New monograph, devoted to Haegue Yang's "Mesmerizing Mesh" series, which dwelves into "Sacred Paper Cutting", a Korean shamanastic ritual which has inspired many of her recent projects.
For several years, Haegue Yang has been studying the ambivalent relationship between spirit and matter and investigating mystical practices, from European paganism to Asian shamanism. In recent years, his interest has turned to different paper-cutting traditions, particularly the sacred dimension of hanji, a traditional Korean paper made by hand from mulberry pulp, from which the Mesmerizing Mesh series is inspired. After their meeting in Paris, during the opening of the exhibition at the Chantal Crousel Gallery in 2022, Haegue Yang and Nicolas Bureau had the conversation that accompanies the works reproduced in this book. Together they talked about shamanism, travel, artists' and anthropologists' status, and transcending the boundaries between fields of knowledge.
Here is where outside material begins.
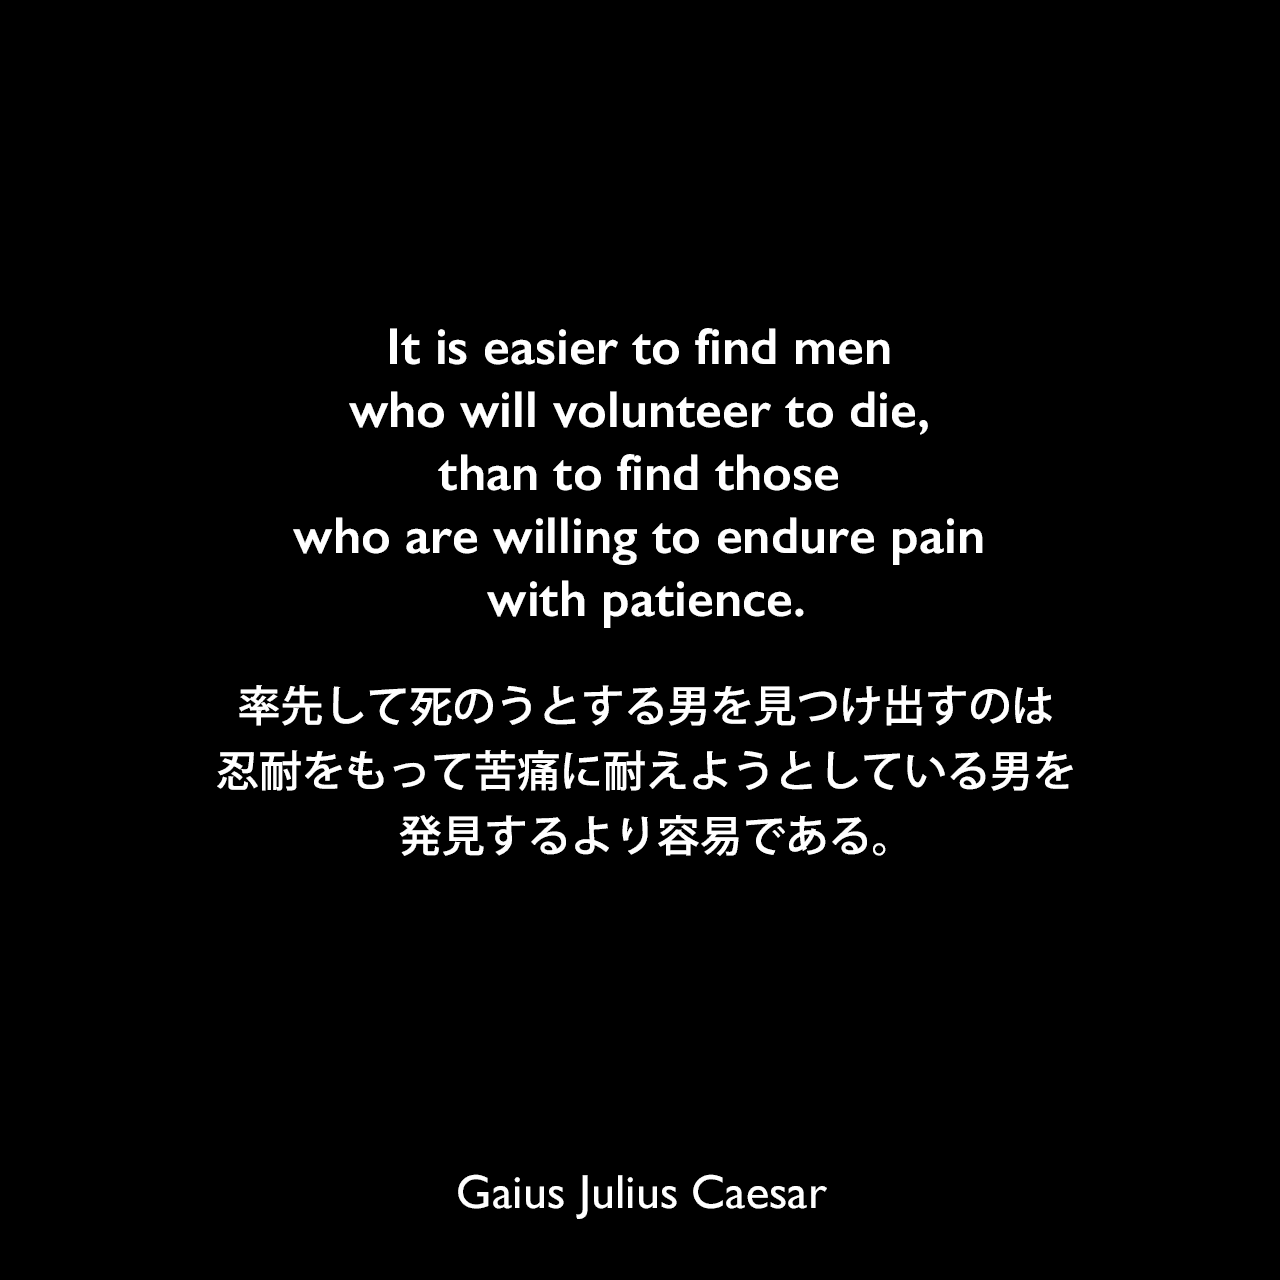 It is easier to find men who will volunteer to die, than to find those who are willing to endure pain with patience.率先して死のうとする男を見つけ出すのは、忍耐をもって苦痛に耐えようとしている男を発見するより容易である。Gaius Julius Caesar

Nicolas Bureau is an anthropologist who has been studying human-animal relations among animist populations for several years. During his thesis work, carried out under the direction of Philippe Descola and Charles Stépanoff at the École des Hautes Études en Sciences Sociales, he spent several months with the Siberian Evens, a Tungus people practicing nomadic pastoralism, sharing with them the lifestyle of reindeer herders.
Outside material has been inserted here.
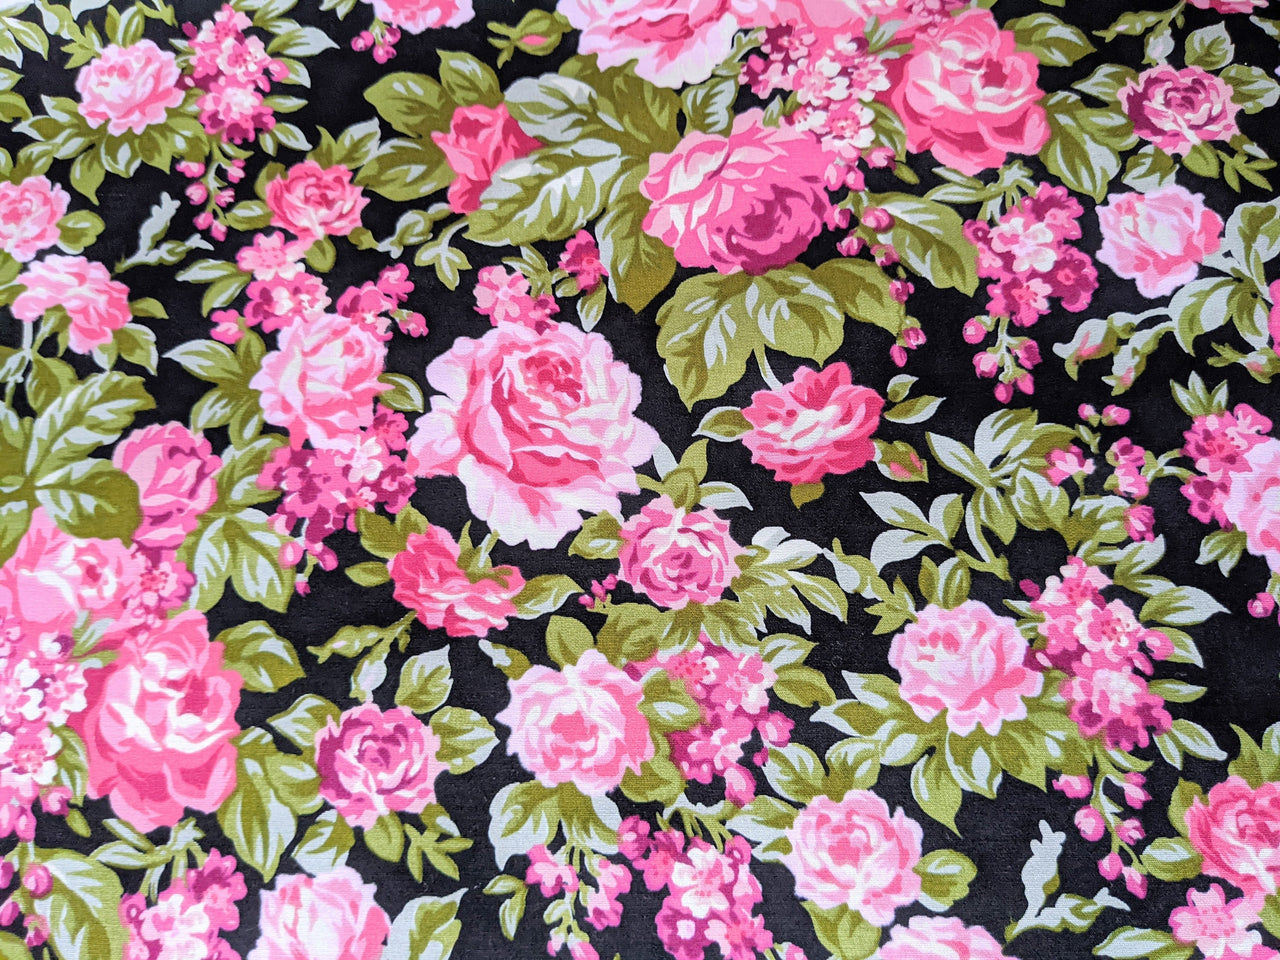 Black And Pink 100 % Cotton Rose Floral Fabric, Floral Print Fabric, Roses Flower Fabric

Haegue Yang (born 1971 in Seoul, lives and works in Berlin and Seoul) is one of the most influential Korean artists of her generation. Using several media, from collage to performance, she explores the sensual and formal properties of everyday objects and materials (venetian blinds, fans, infrared detection devices, etc.), taken out of their original context and rearranged into abstract compositions, investing them with a new, poetic meaning with political or emotional overtones. Her often abstract constructions are in fact sensory experiences whose crux is an implicit critique of the modern.
Haegue Yang represented South Korea at the 2009 Venice Biennale. She has also shown at Documenta (Kassel), the Walker Art Center (Minneapolis), the ICA (Boston), the Samsung Museum of Art (Seoul), the 13th Lyon Biennale...
Haegue Yang has been awarded the 2018 Wolfgang Hahn Prize.